▸ **Aim of the task**:
Each line below must be reproduced exactly as it stands. Pictures stay out of the copy.

▸ **Exercise data**:
========================================================================

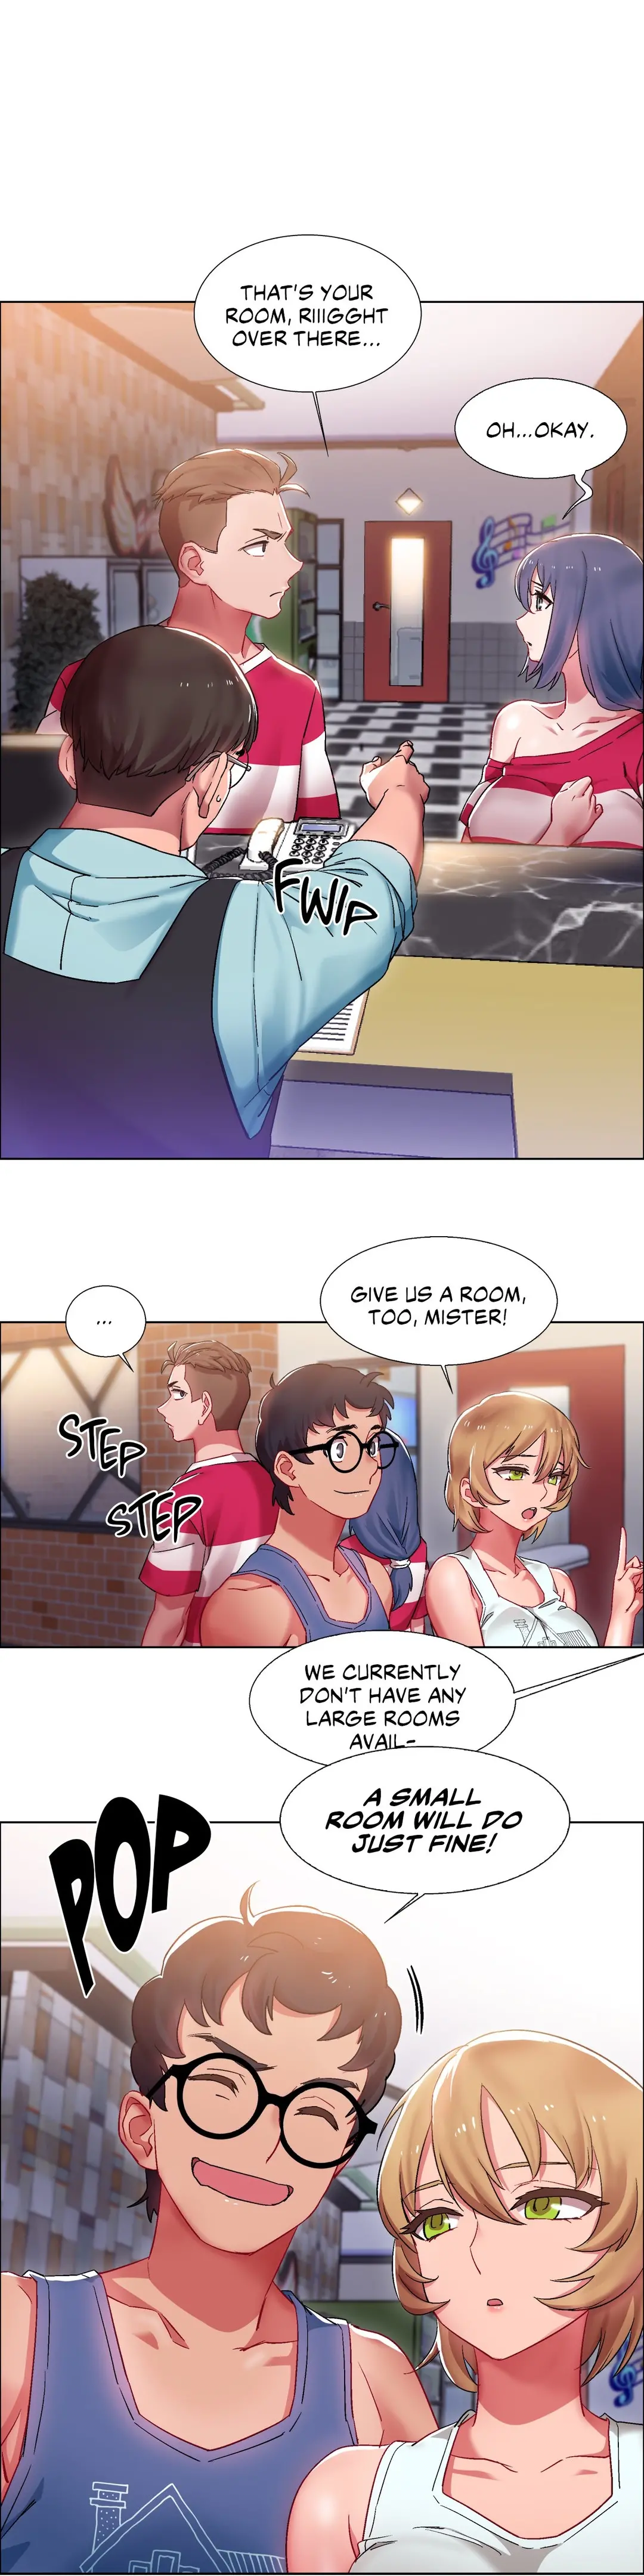 Rental Girls - Chapter 17 Page 4
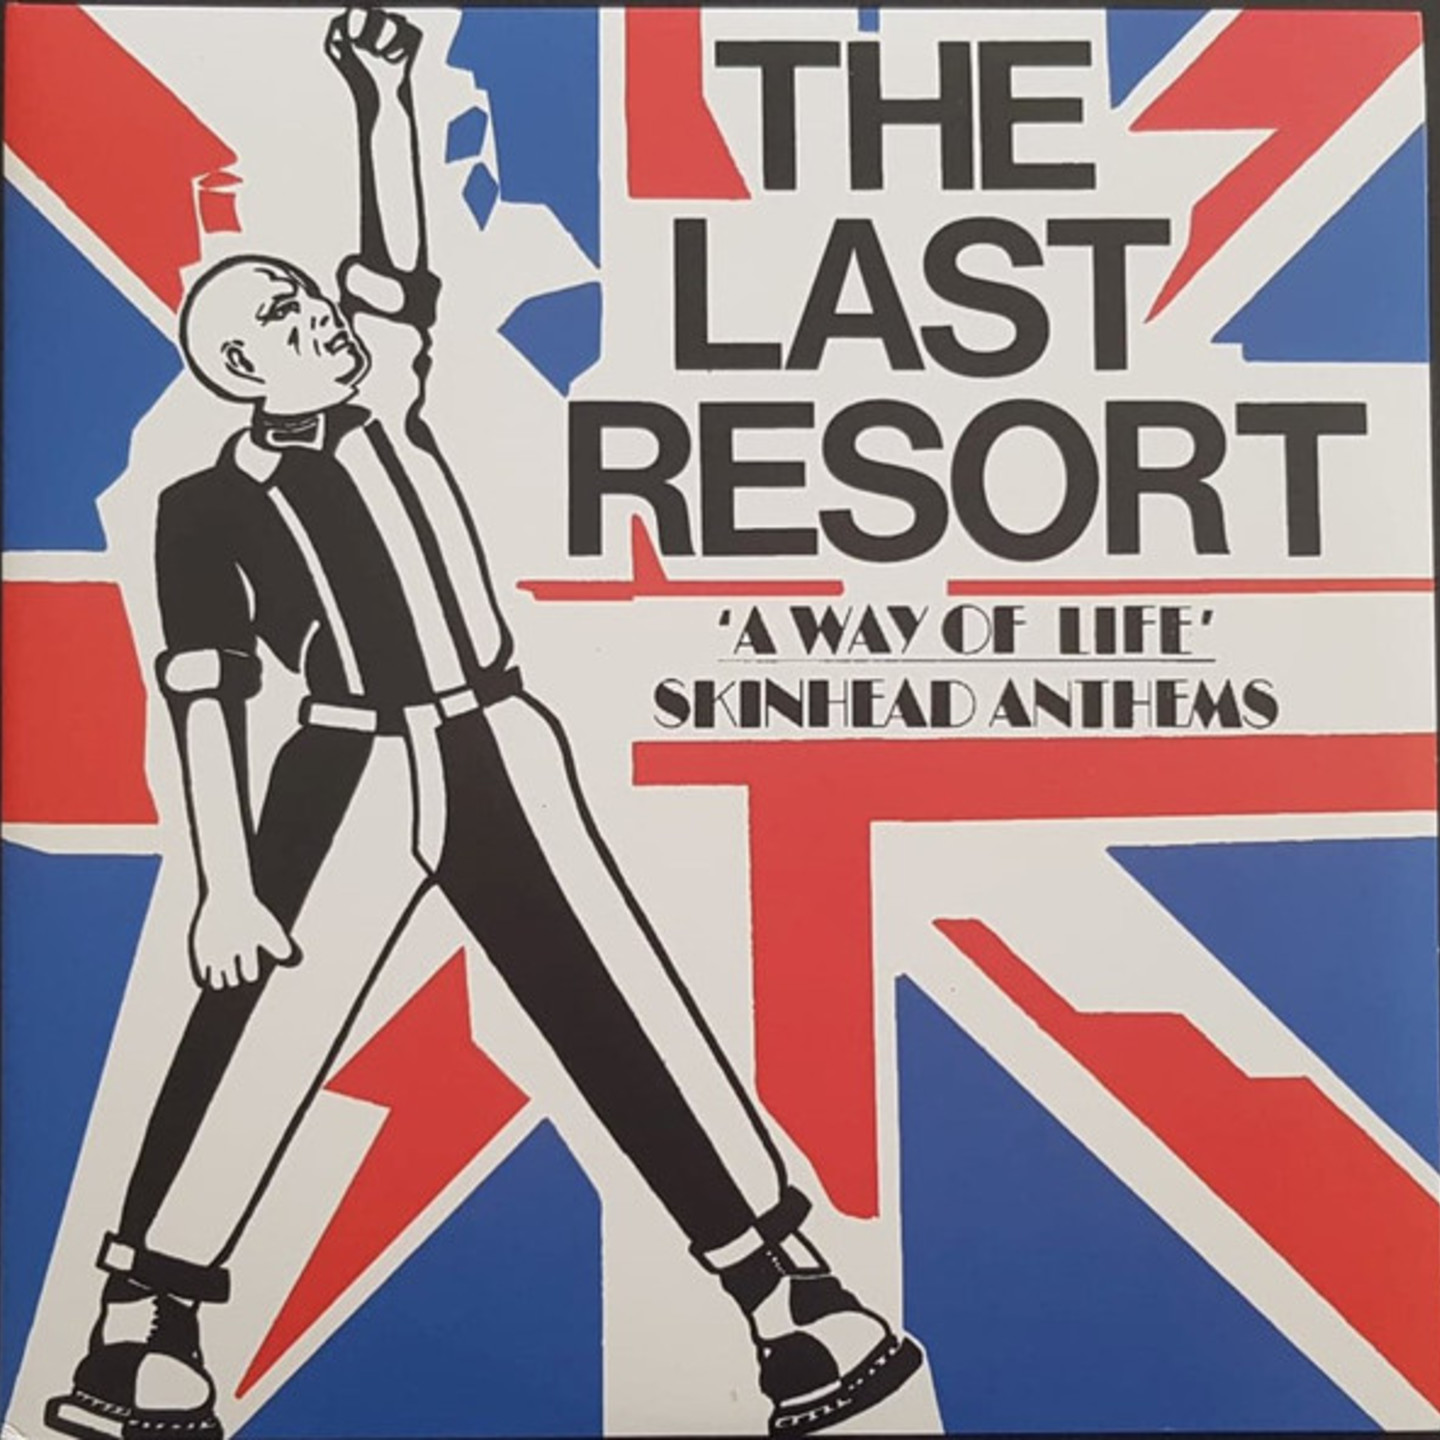 LAST RESORT, THE - A Way Of Life Skinhead Anthems LP
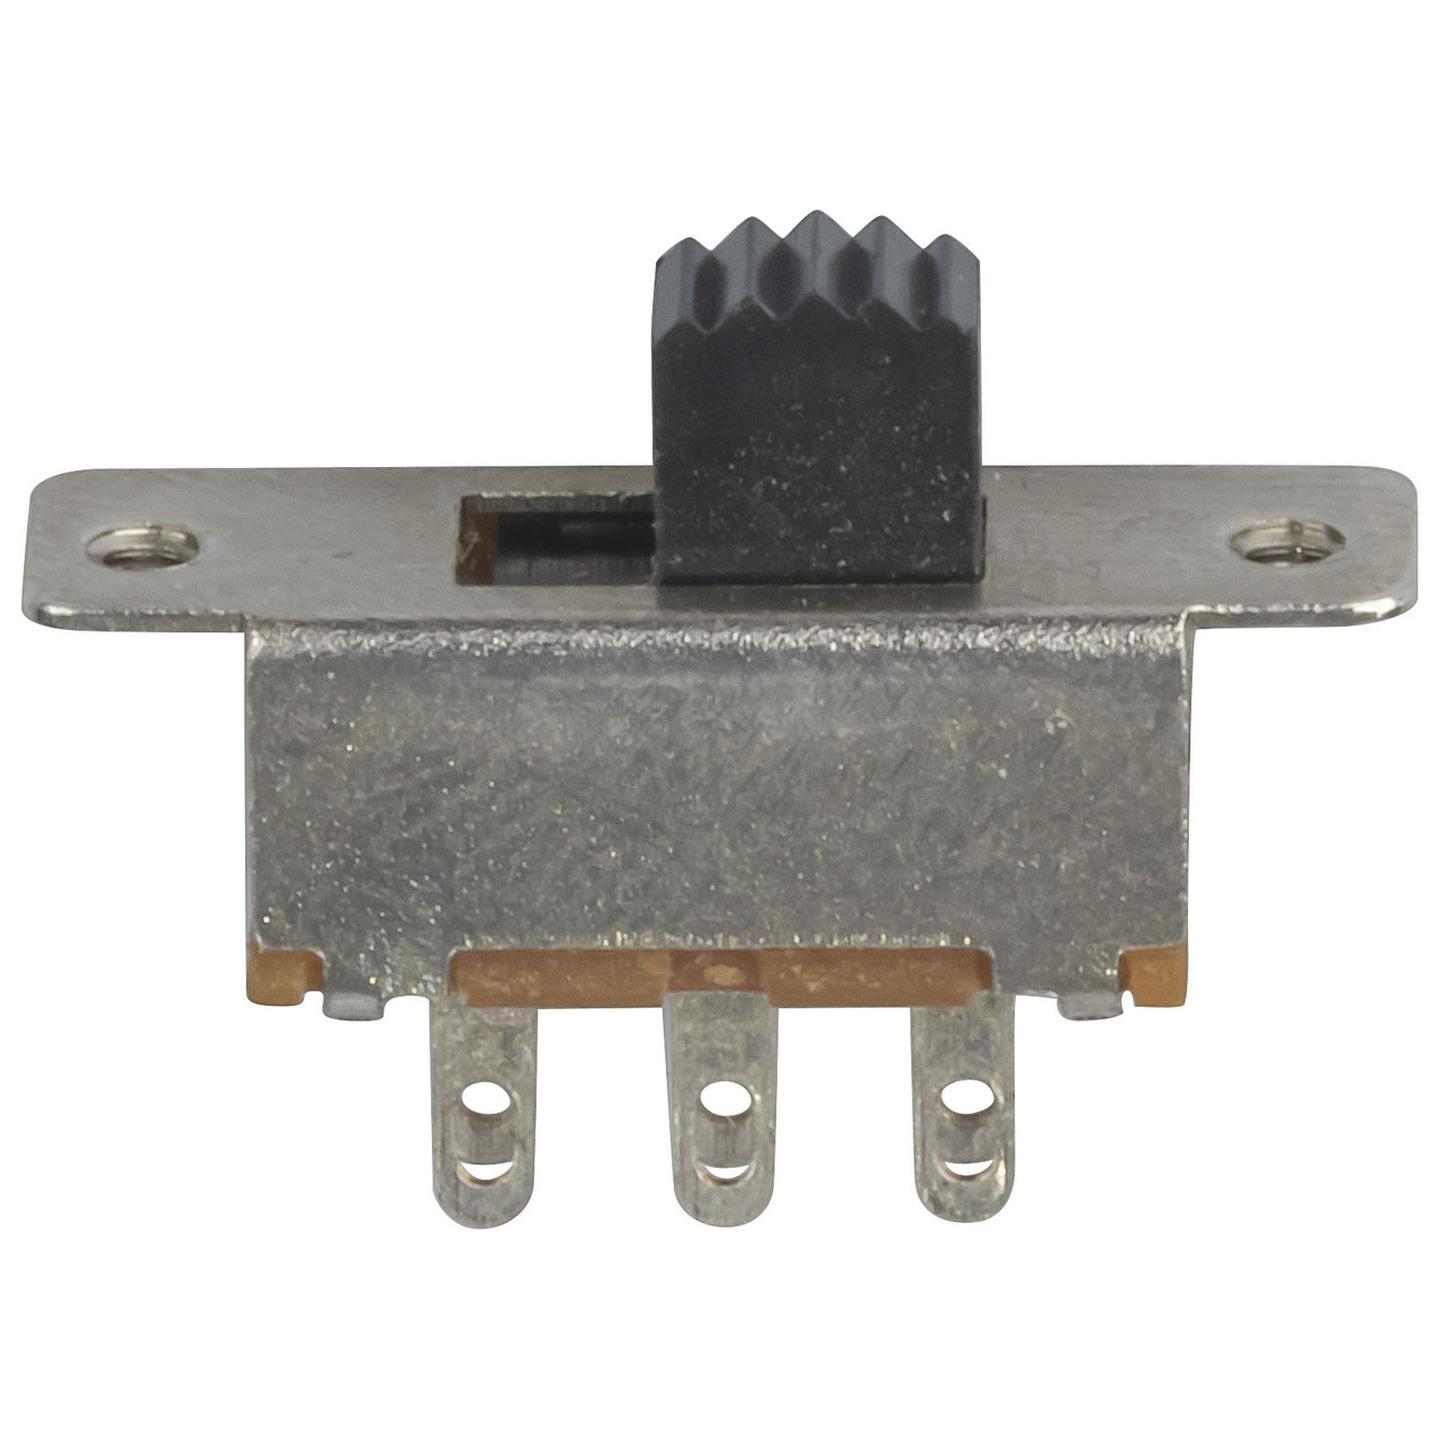 Sub-miniature DPDT Panel Mount Switch- Slide style

========================================================================

▸ **Written response**:
 Rental Girls - Chapter 17 Page 4
 LAST RESORT, THE - A Way Of Life Skinhead Anthems LP
 Sub-miniature DPDT Panel Mount Switch- Slide style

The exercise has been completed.